The being stopped at the ship’s main computer terminal and studied the technician as he gasped for his final breath. For some reason, it felt compelled to allow the technician to die before untethering his harness and allowing him to be sucked out of the gaping hole in the hull it had created upon entry. Perhaps it was some emotional residue left over from the body’s original inhabitant. The compassionate spark of the species. No matter. The technician died and was soon vacated. The being touched its hand to the terminal, or rather, it touched the ensign’s hand to the terminal. The sensation of feeling was still new. Information sparked to life and danced across the being’s new sense of vision. Data became visible, tangible. The being could hold it, feel it, consume it. It took seconds to find what it needed.
A voice caught the being by surprise and elicited another emotional response, another echo from the ensign.
“UNS Pelletier, this is Captain Taliesin Mao of the UNS Royal Blue, do you copy?” The voice was fraught with concern. “Captain Morse, are you there?” The being looked to the woman strapped in the chair at the center of the bridge, clearly a position of power. It drifted to the woman
’s side. Her name was sewn onto her lapel, as though she might forget it. “Captain Morse, please respond.” The voice grew more frantic.
The being bent its host at the waist, growing increasingly impatient with its physical limitations, especially viewing the world in such a focused manner through the two soft orbs called eyes. It missed the collective awareness of the Void. The Morse woman’s face was frozen in a state of panic. That was the death mask she chose to wear. Disappointing for a person of supposed authority and reverence. It unclipped the tether on her seat and watched her get sucked out of the ship.
An echo of the collective awareness pinged inside the host’s brain, a group of neurons transmitting a signal they were not designed to carry. The result was painful—another drawback of occupying a host—but it was fleeting.
The message was received. They had what they needed.
The energy pooled in the belly of the host, the thing called Ensign Jeffers. Another surge of pain. But this brought with it a sense of relief, a sense of impending end. The flesh melted away, and the being was set free in a flash of heat.
2
Uniforms. Buttoned-up jackets, high-laced boots. The face of a person who needs to ask permission to go to the bathroom.
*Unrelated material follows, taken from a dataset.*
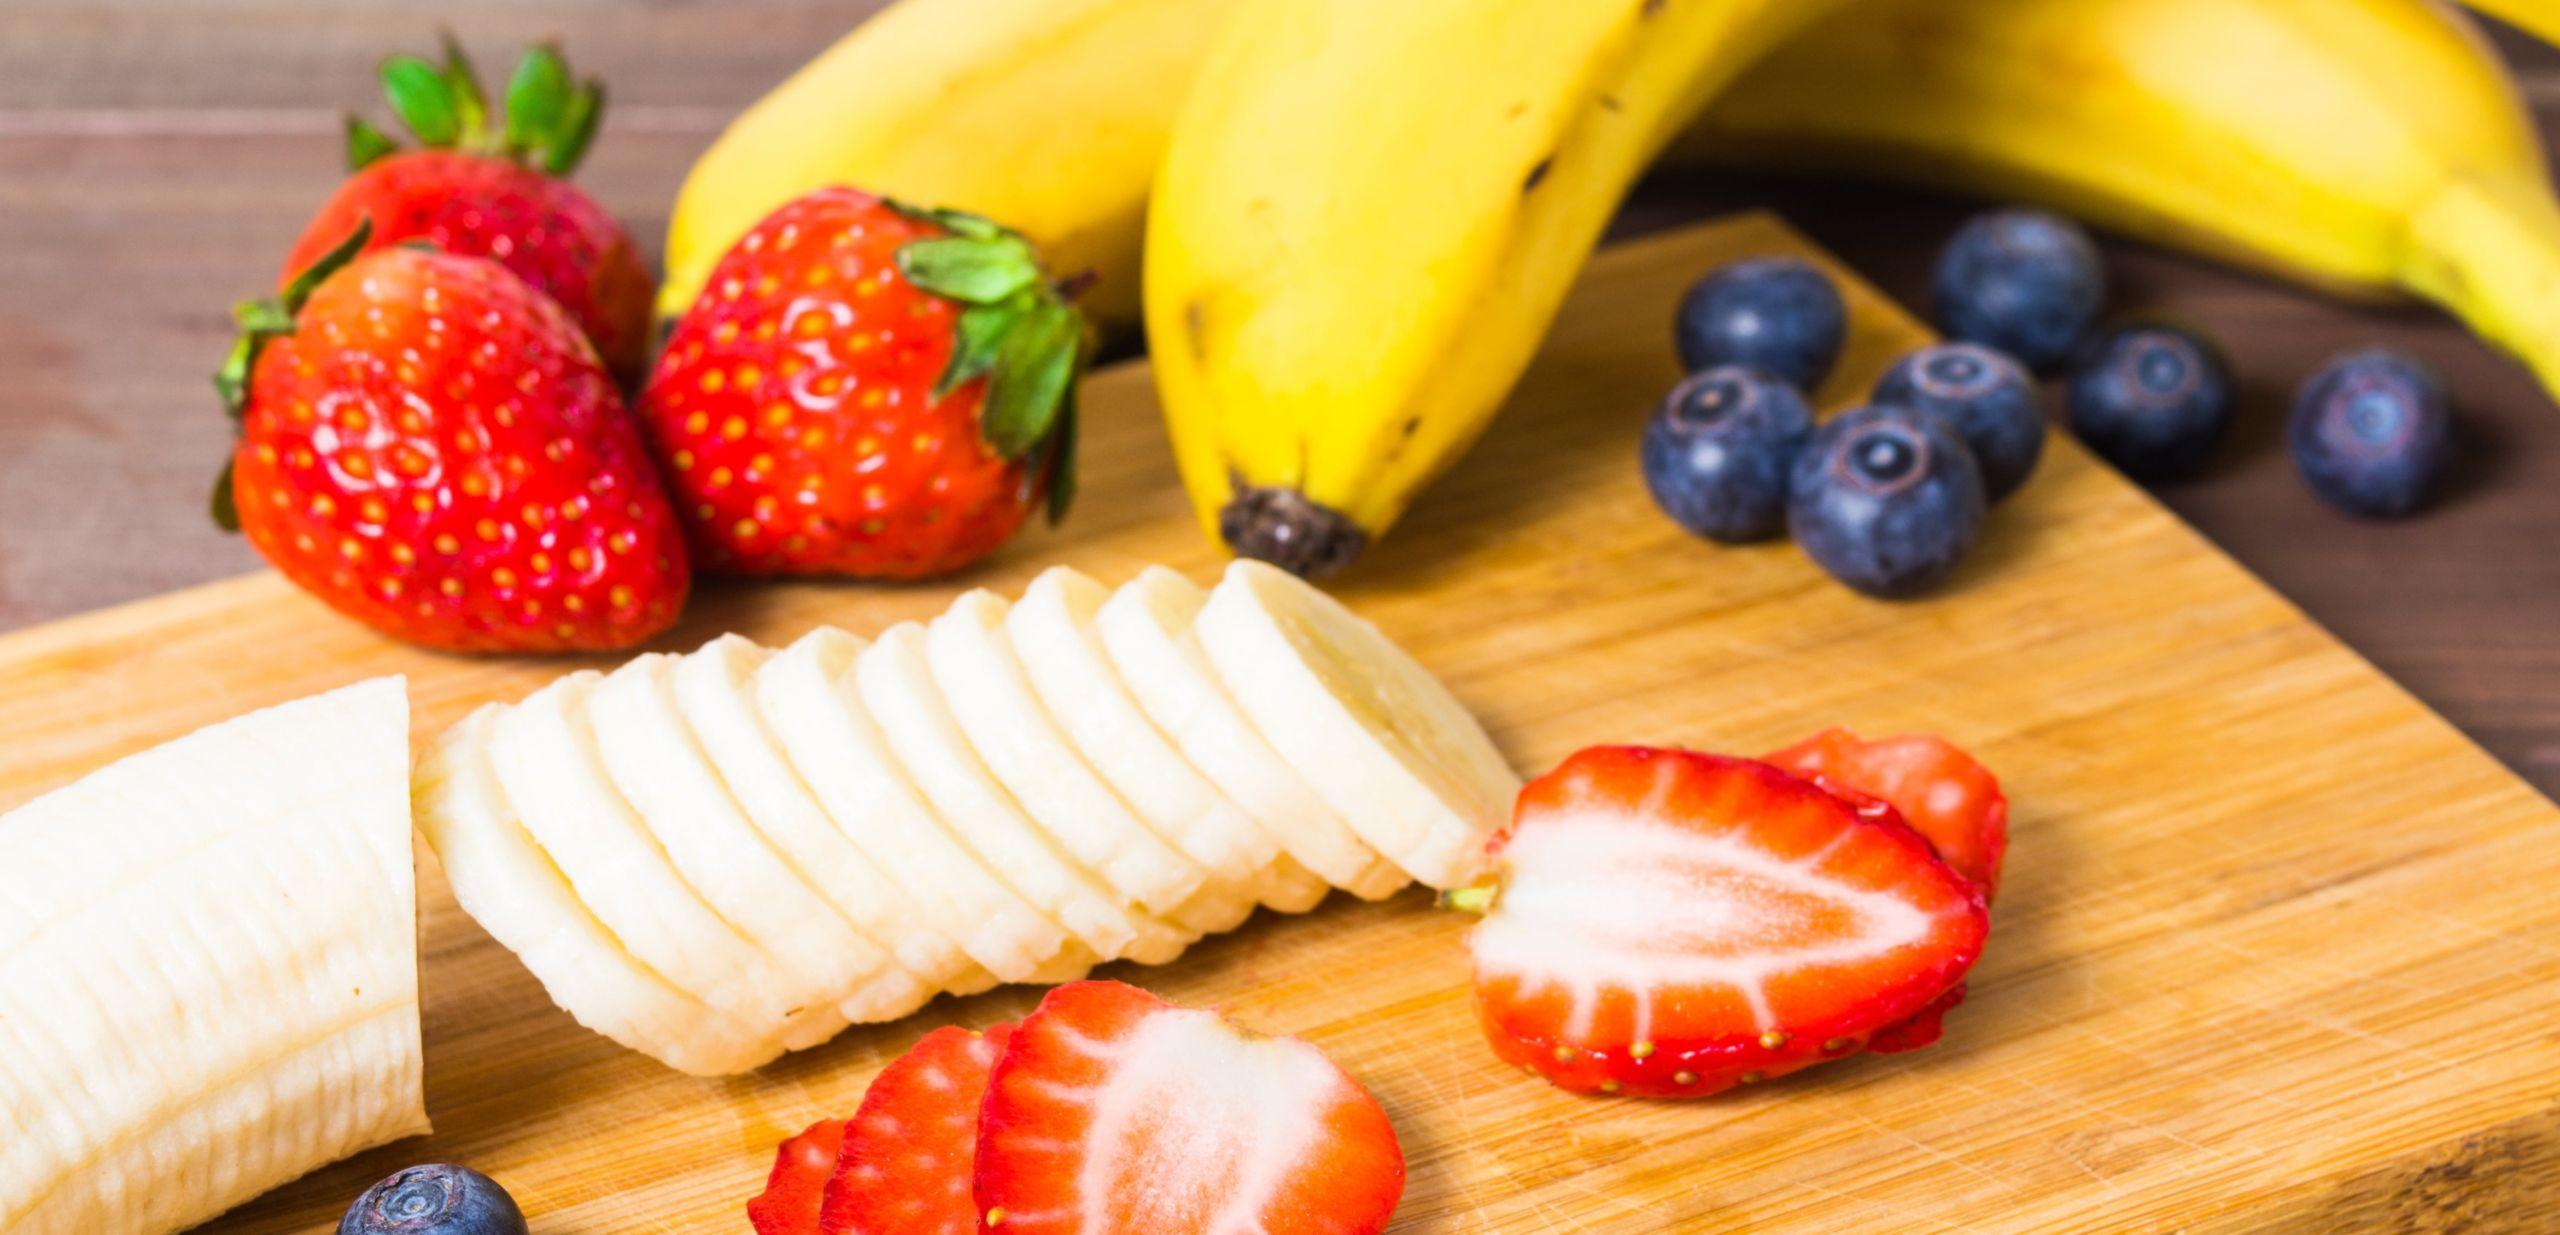 Colazione con la banana per dimagrire
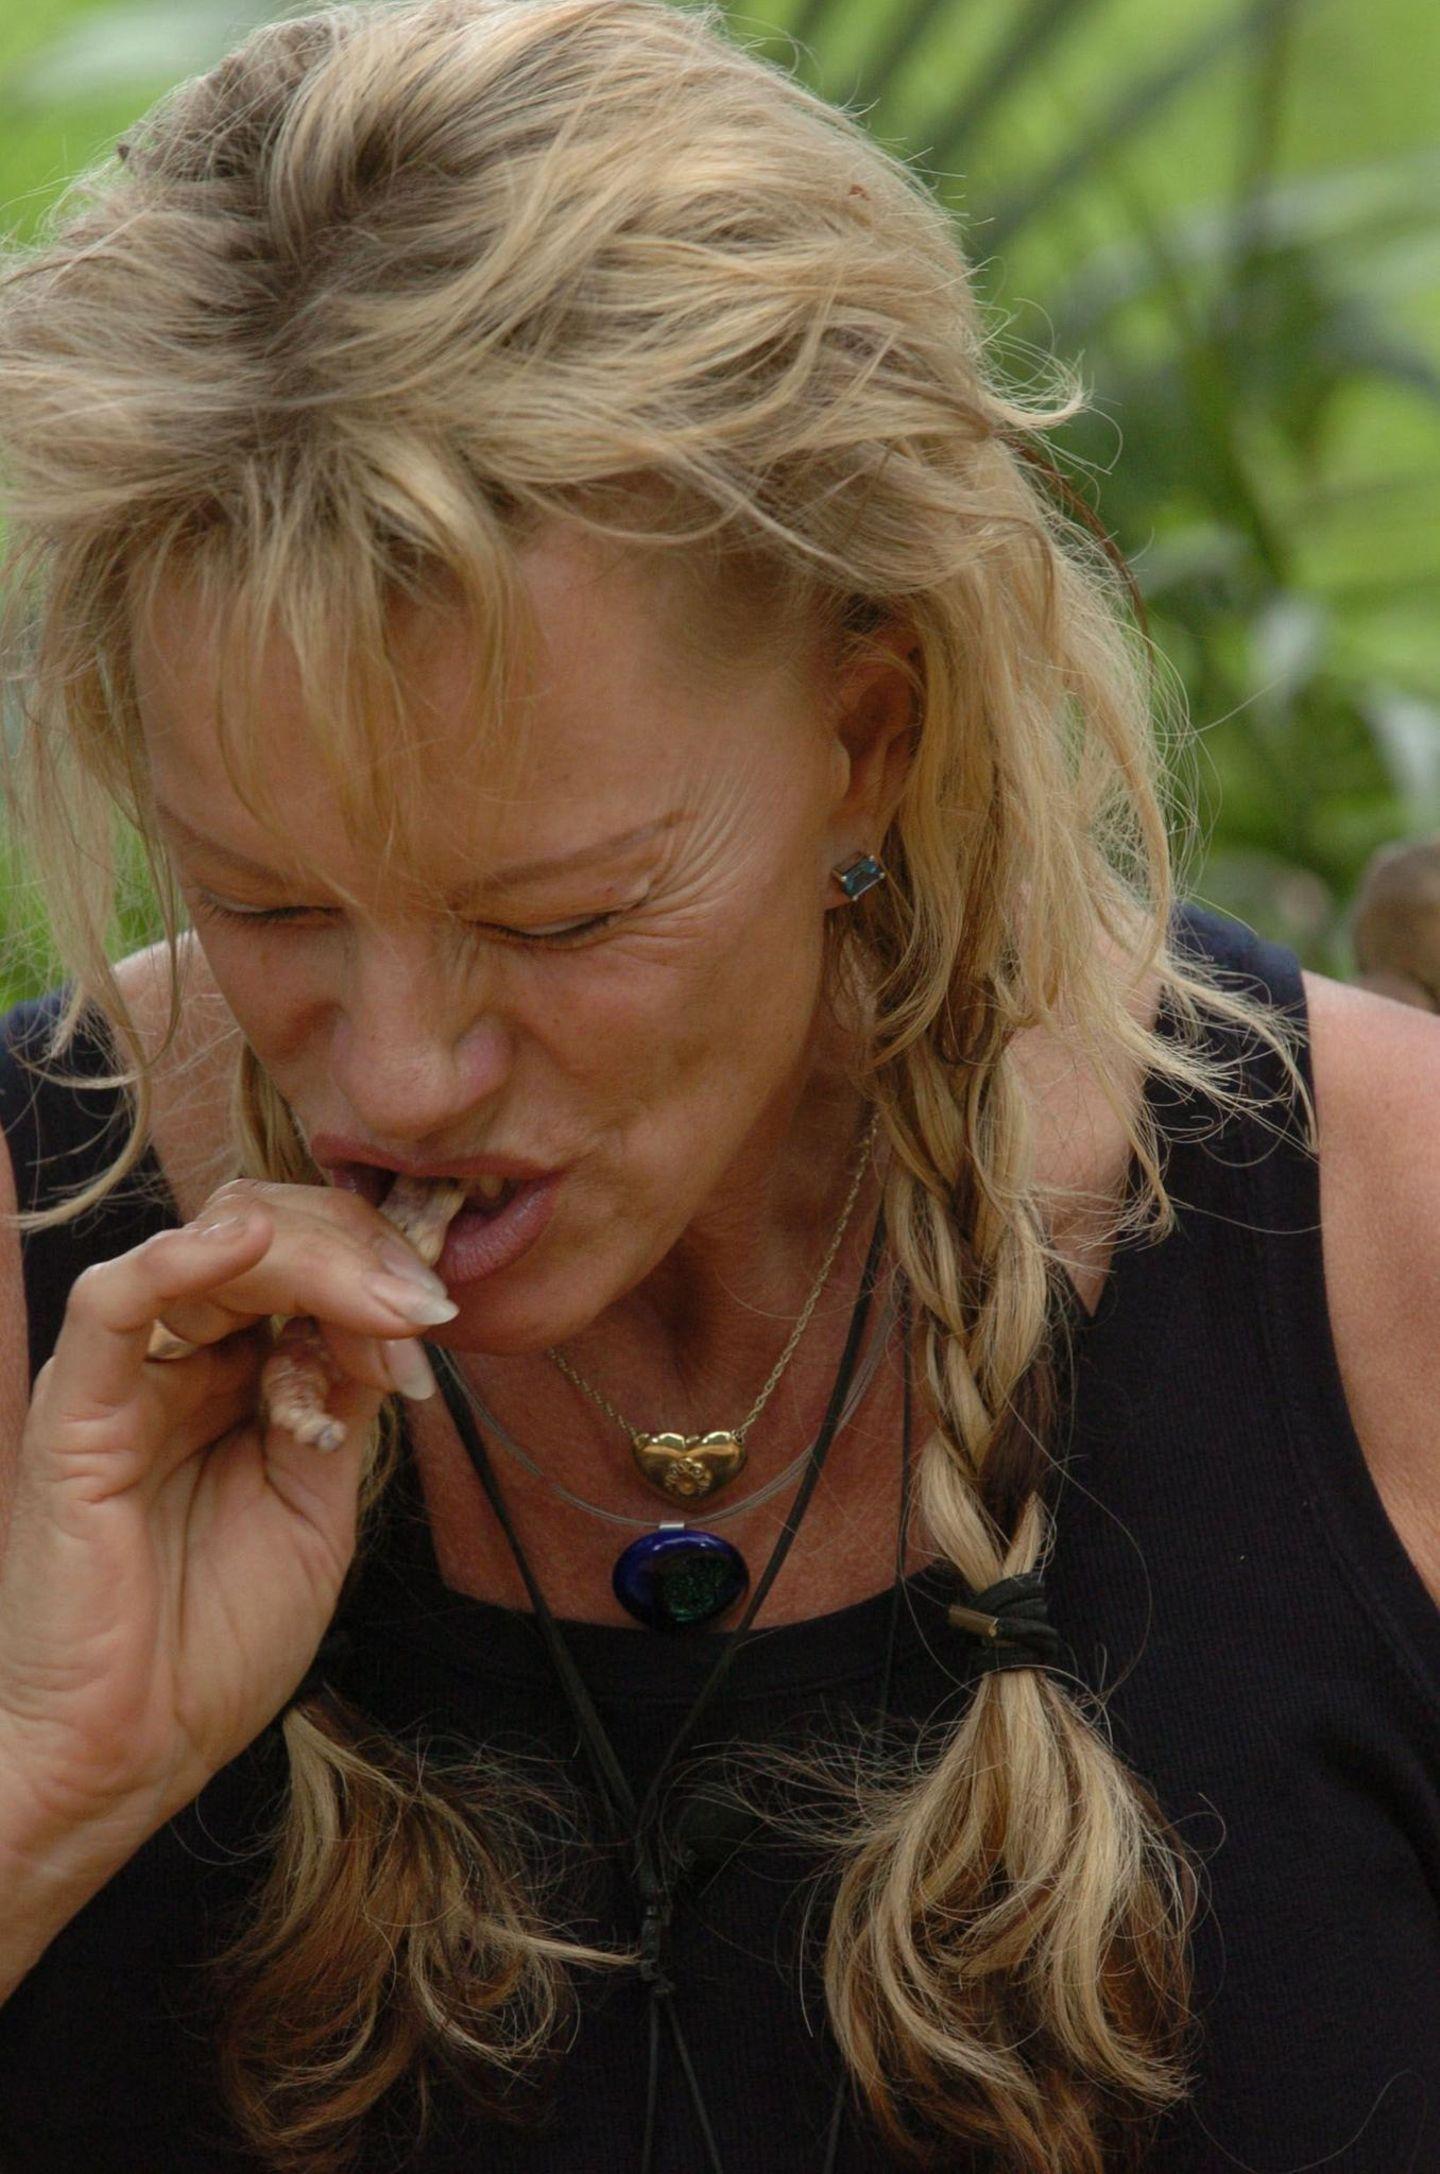 Dschungelcamp: Lisa Fitz beisst auf etwas

Doesn’t matter what master you served, Navy or businessman overlord, as soon as you put on that uniform, you weren’t a person anymore. You were a tool.
The Elmore Syndicate didn’t have a strict dress code—no rulebook dictating what their soldiers wore, how they wore it, how often they needed to press their pants—but they had an informal uniform. A gang uniform. Black canvas pants and tactical boots. Repurposed spacewalk jackets reinforced with lightweight armor plating. Those jackets would survive extreme heat and cold and shrug off some medium-range blaster fire. They carried the same weapons: a sidearm on the hip, pulse rifle slung over the shoulder, and a collapsible baton tucked in a holster on the small of their backs. The man who ran the syndicate was rumored to have been a Deep Black operative, one of Tirseer’s best, until he either washed out or rebelled, depending on which story you heard.